Compute: Local (10-20 min)
Inputs: data/genome_amr_matrices/*.tsv from NB01
Outputs:
data/amr_variation_by_species.csv— per-species variation summarydata/amr_prevalence_by_gene.csv— per-gene prevalence within each species
In [1]:
import os
import pandas as pd
import numpy as np
from pathlib import Path
from scipy import stats
from scipy.spatial.distance import pdist, squareform
import matplotlib.pyplot as plt
import seaborn as sns
import warnings
warnings.filterwarnings('ignore', category=FutureWarning)
PROJECT_DIR = Path(os.getcwd()).parent
ATLAS_DIR = PROJECT_DIR.parent / 'amr_pangenome_atlas'
DATA_DIR = PROJECT_DIR / 'data'
MATRIX_DIR = DATA_DIR / 'genome_amr_matrices'
FIG_DIR = PROJECT_DIR / 'figures'
FIG_DIR.mkdir(exist_ok=True)
plt.rcParams.update({'figure.dpi': 150, 'font.size': 10})
1. Load Atlas Data¶
In [2]:
species_summary = pd.read_csv(ATLAS_DIR / 'data' / 'amr_species_summary.csv')

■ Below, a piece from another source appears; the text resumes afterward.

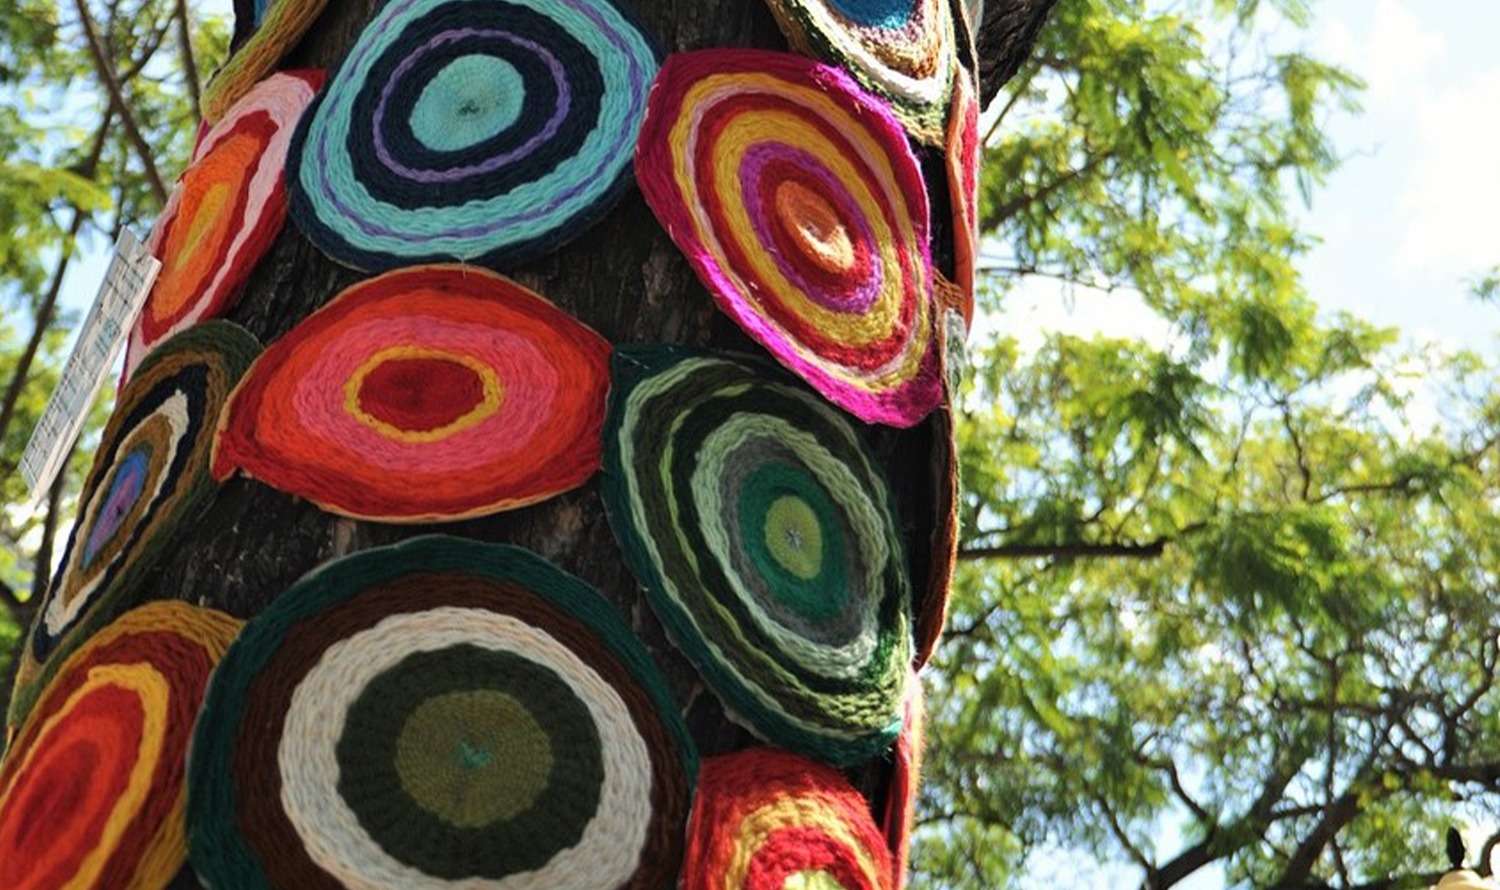 De nombreux coussins de siège ronds faits maison et colorés sont suspendus à un arbre.

amr_census = pd.read_csv(ATLAS_DIR / 'data' / 'amr_census.csv')
eligible = pd.read_csv(DATA_DIR / 'eligible_species.csv')
# Build AMR gene metadata lookup
amr_meta = amr_census[['gene_cluster_id', 'amr_gene', 'amr_product', 'mechanism',
'conservation_class', 'is_core', 'is_auxiliary', 'is_singleton']].drop_duplicates('gene_cluster_id')
print(f"Eligible species: {len(eligible)}")
print(f"AMR gene metadata: {len(amr_meta)} clusters")
Eligible species: 1307 AMR gene metadata: 82908 clusters
2. Compute Per-Gene Prevalence and Classification¶
In [3]:
def classify_prevalence(freq):
"""Classify AMR gene by within-species prevalence."""
if freq >= 0.95:
return 'fixed'
elif freq <= 0.05:
return 'rare'
else:
return 'variable'
def compute_species_metrics(matrix):
"""Compute variation metrics for one species matrix."""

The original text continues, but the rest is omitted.